** Activity **
Among the entries below, only the lines from the one with "Pineapple Pu-erh Tea (Loose)" through the one with "Wolfgang Jung, Präsident" are wanted, reproduced exactly. Pictures are not wanted.

** Material to process **
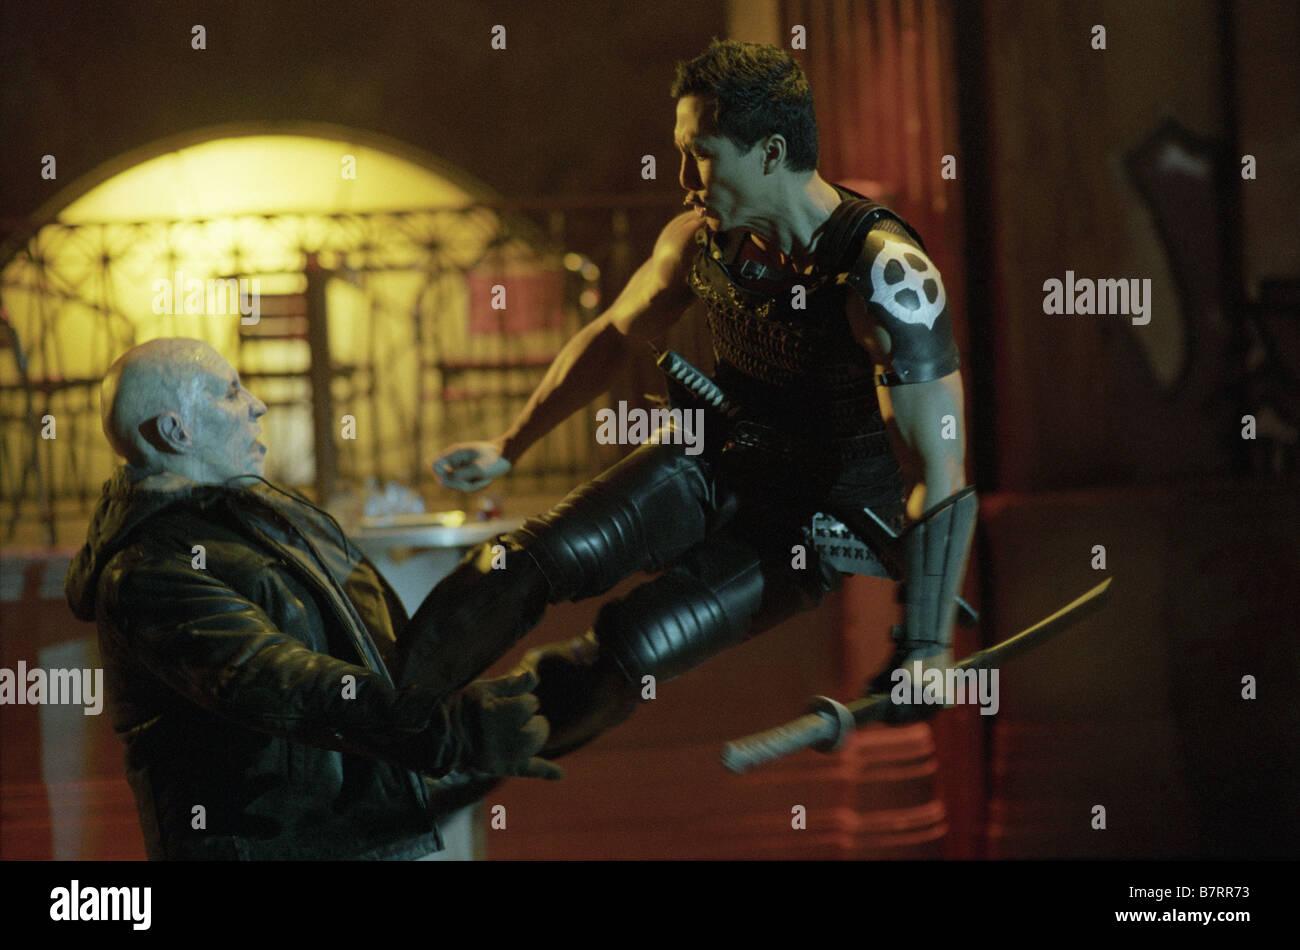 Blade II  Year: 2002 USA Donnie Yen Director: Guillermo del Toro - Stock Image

...

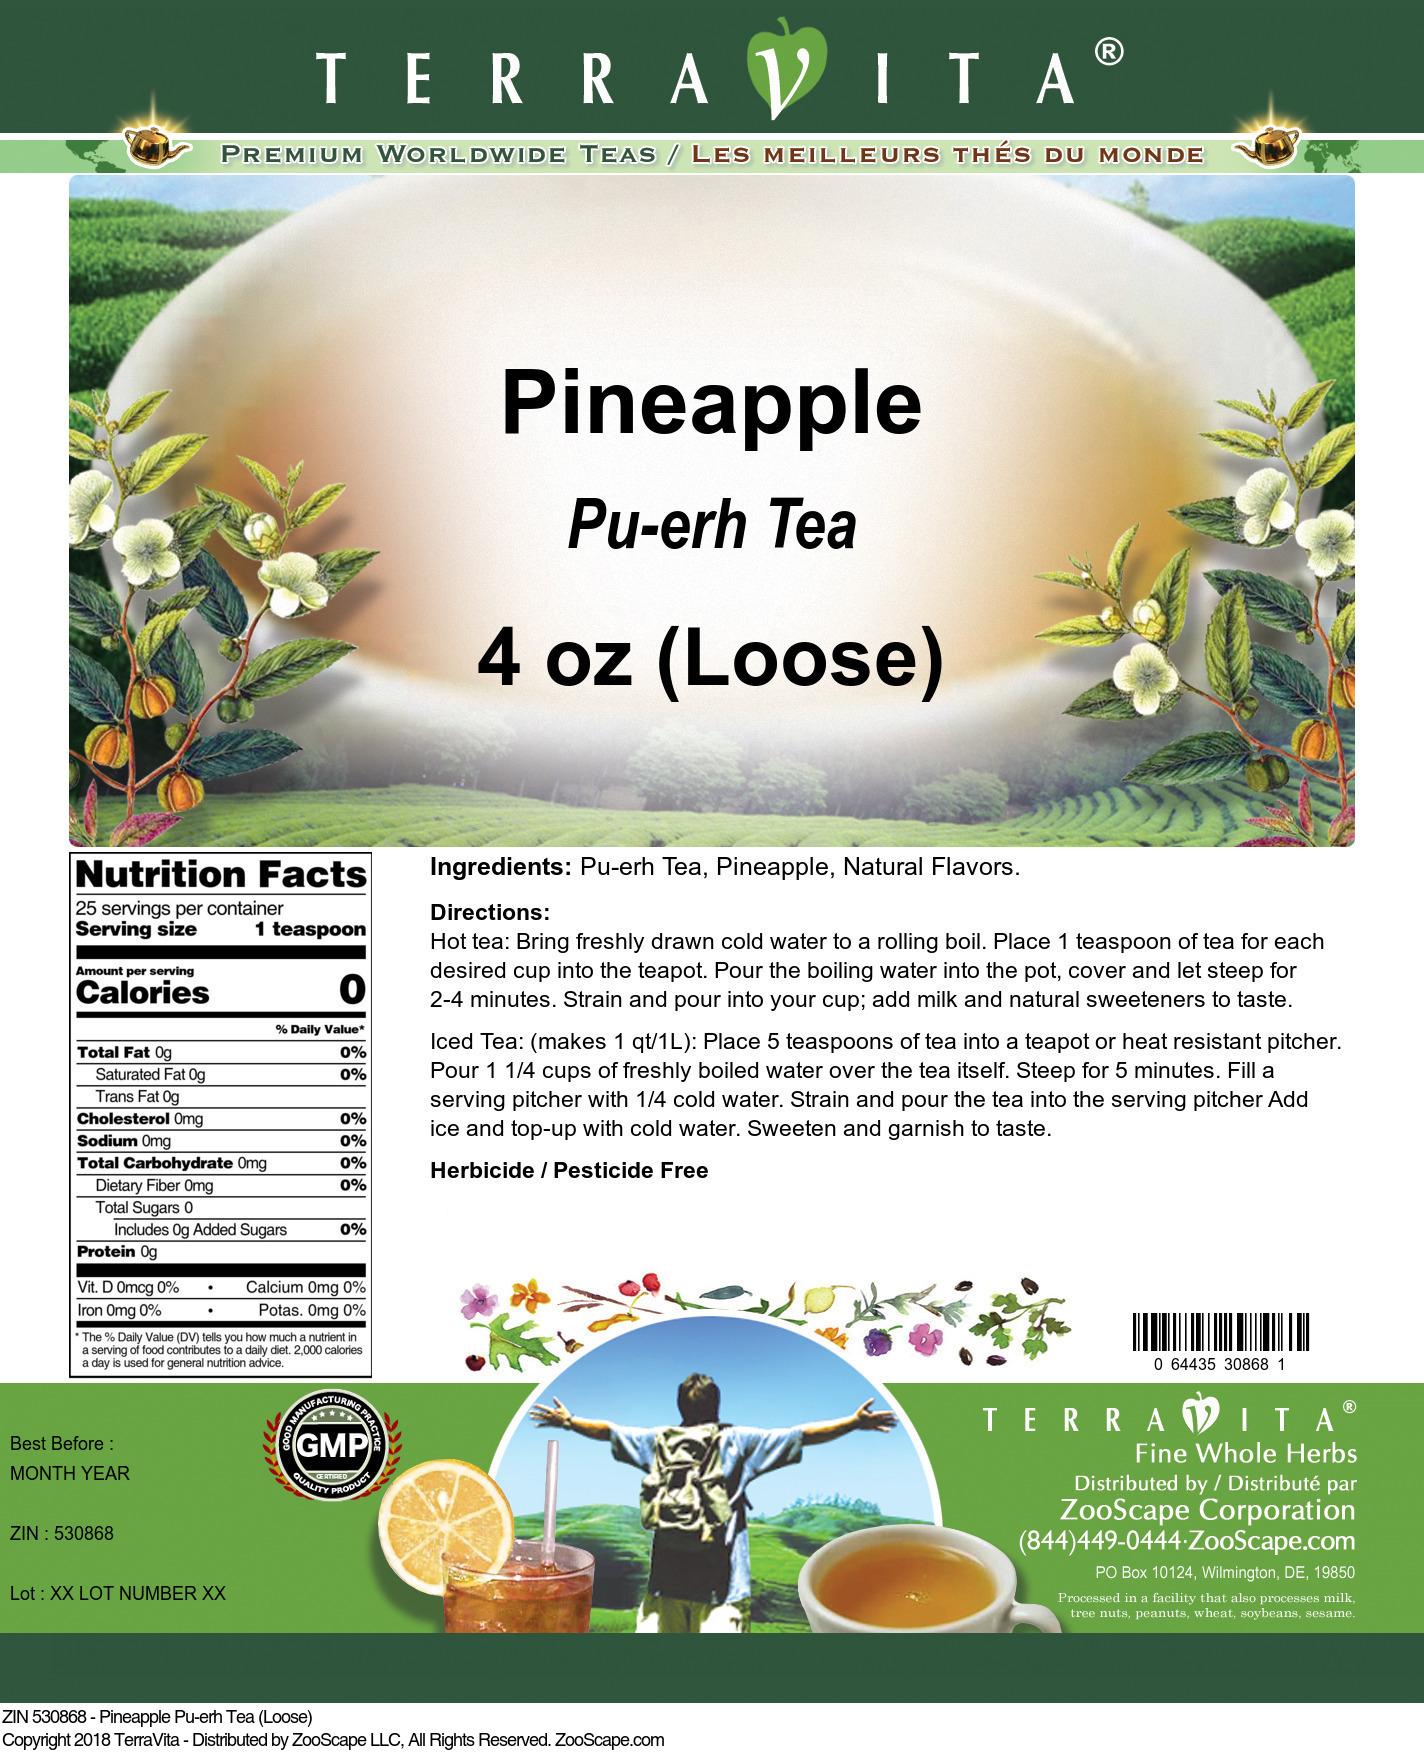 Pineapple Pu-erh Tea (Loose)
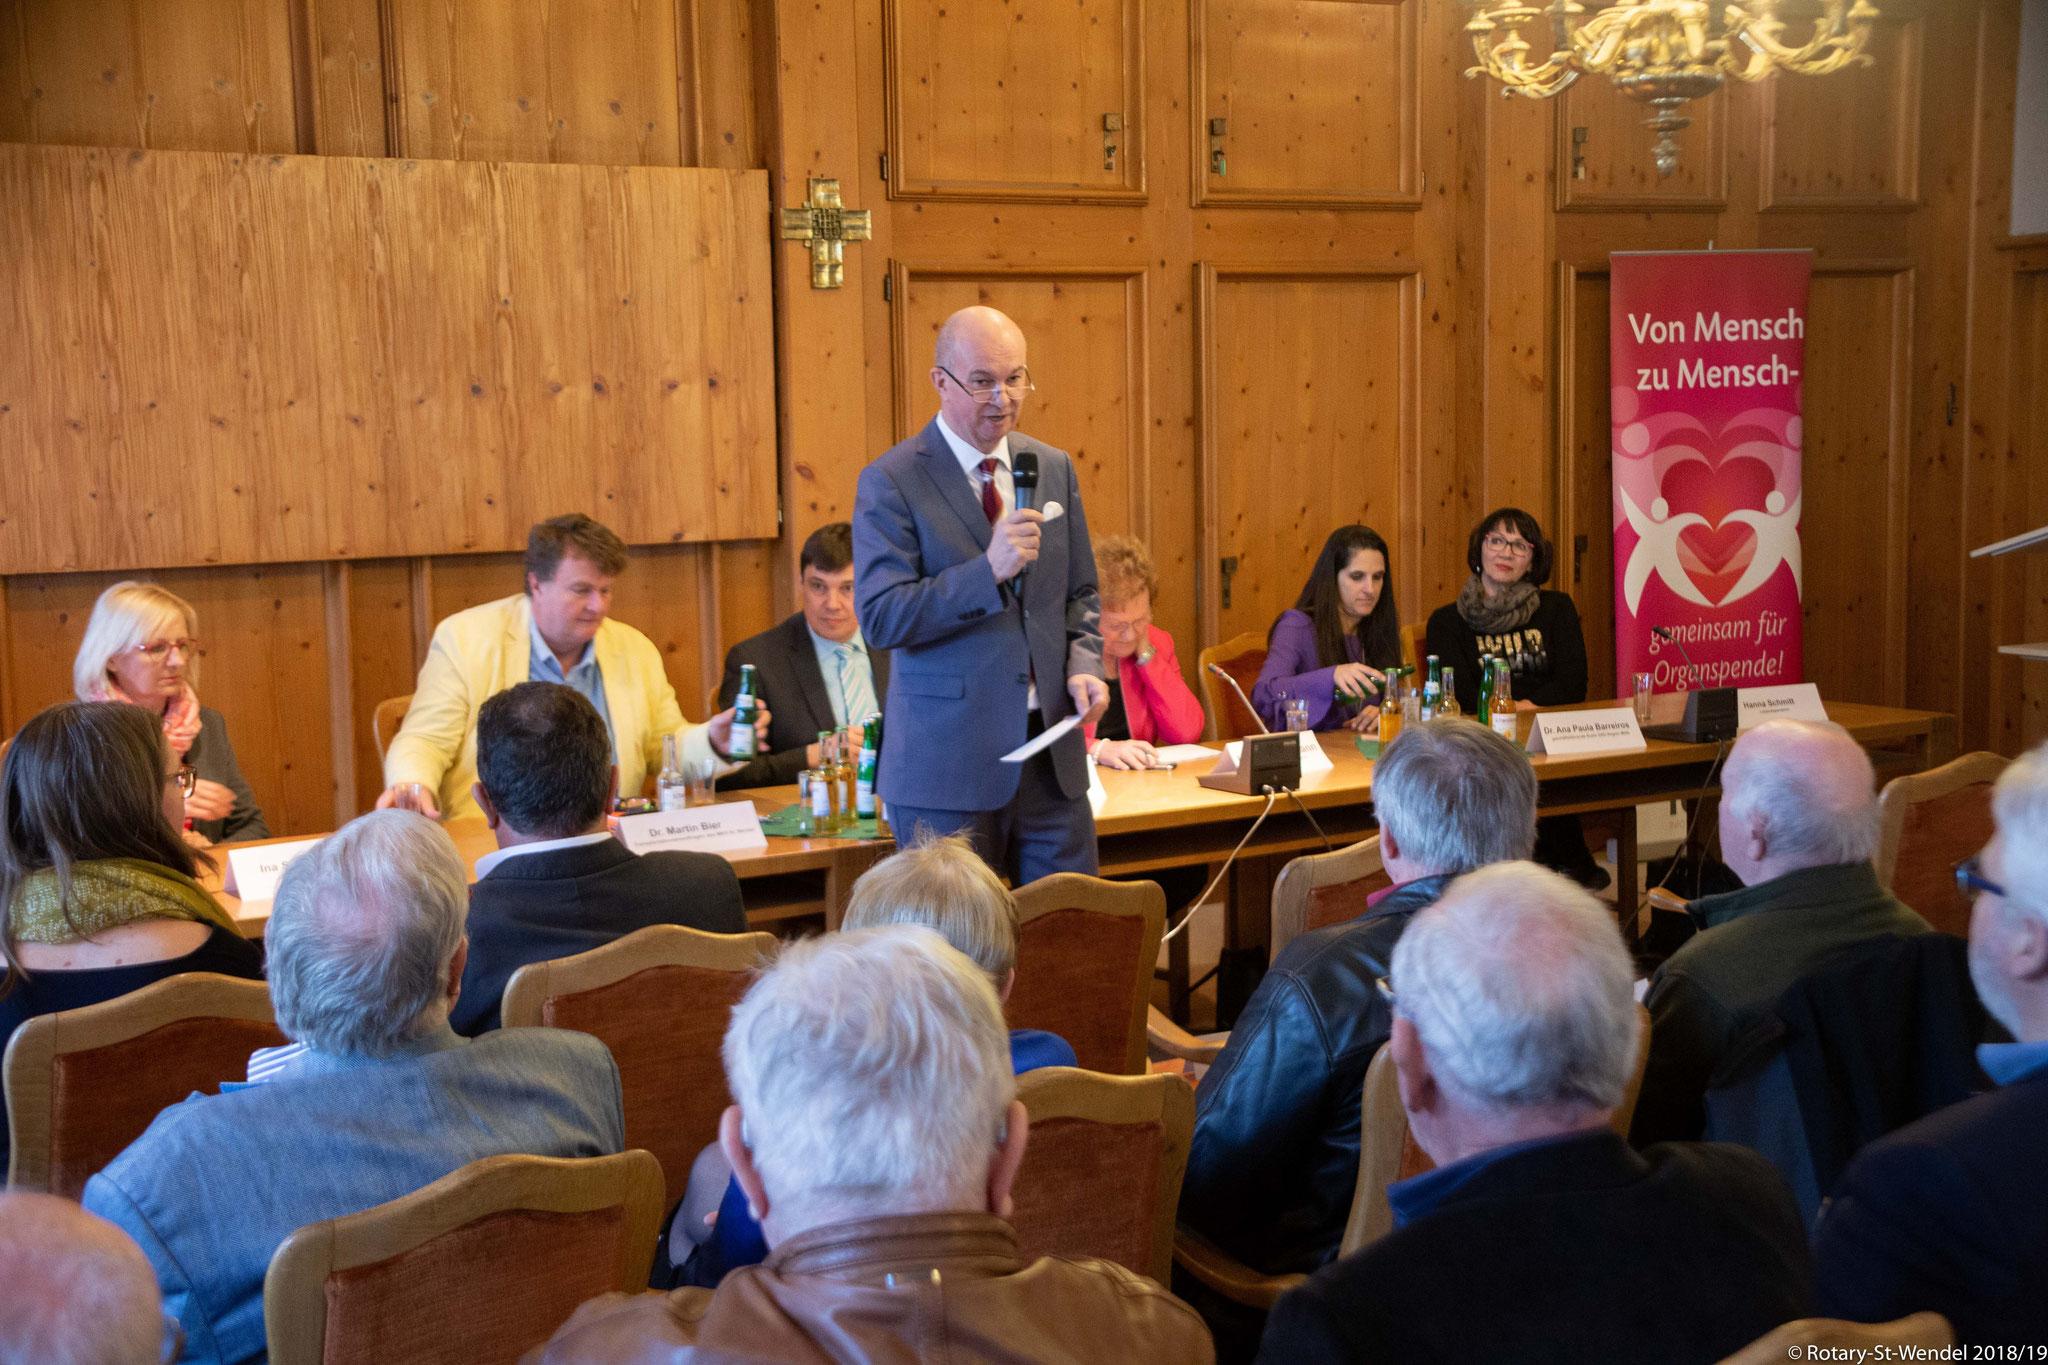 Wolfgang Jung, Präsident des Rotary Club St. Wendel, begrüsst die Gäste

--

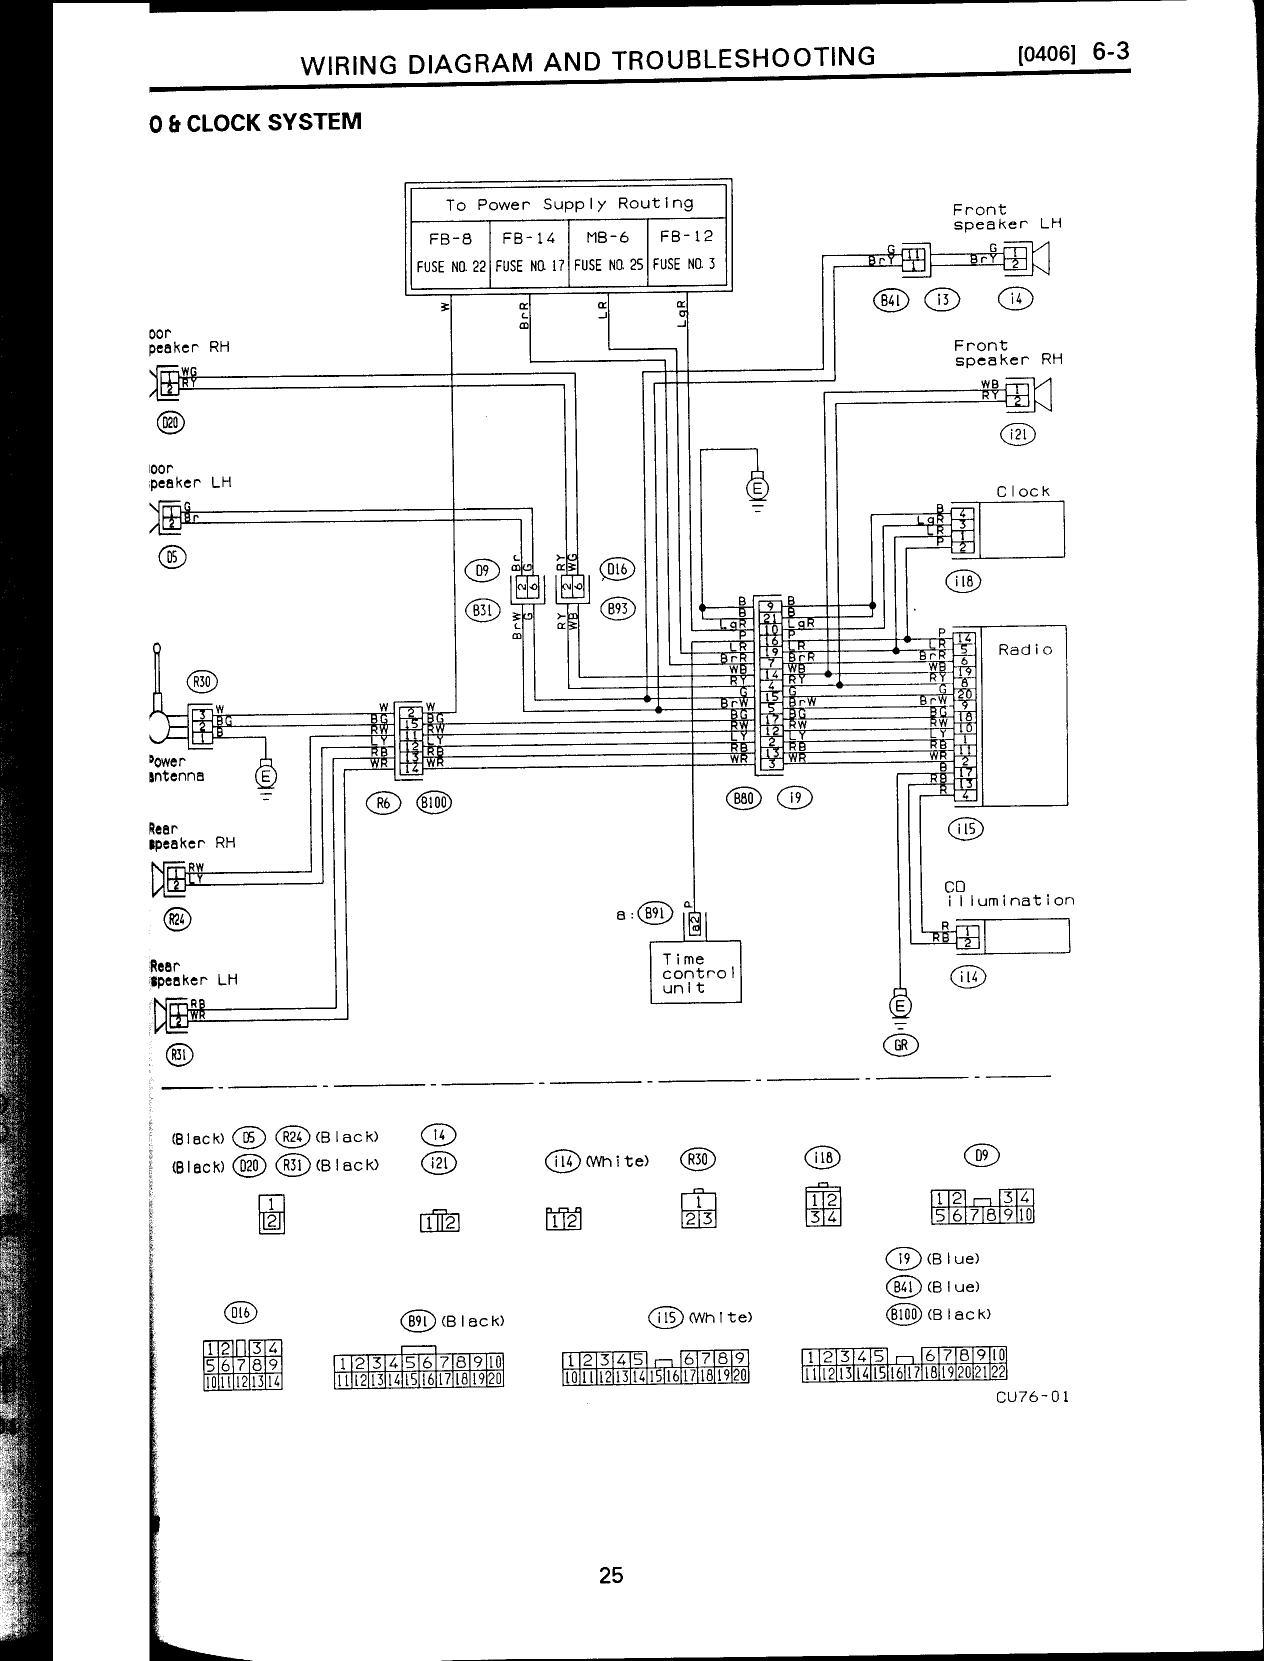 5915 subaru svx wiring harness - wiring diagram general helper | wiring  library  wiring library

** Expected answer **
 Pineapple Pu-erh Tea (Loose)
 Wolfgang Jung, Präsident des Rotary Club St. Wendel, begrüsst die Gäste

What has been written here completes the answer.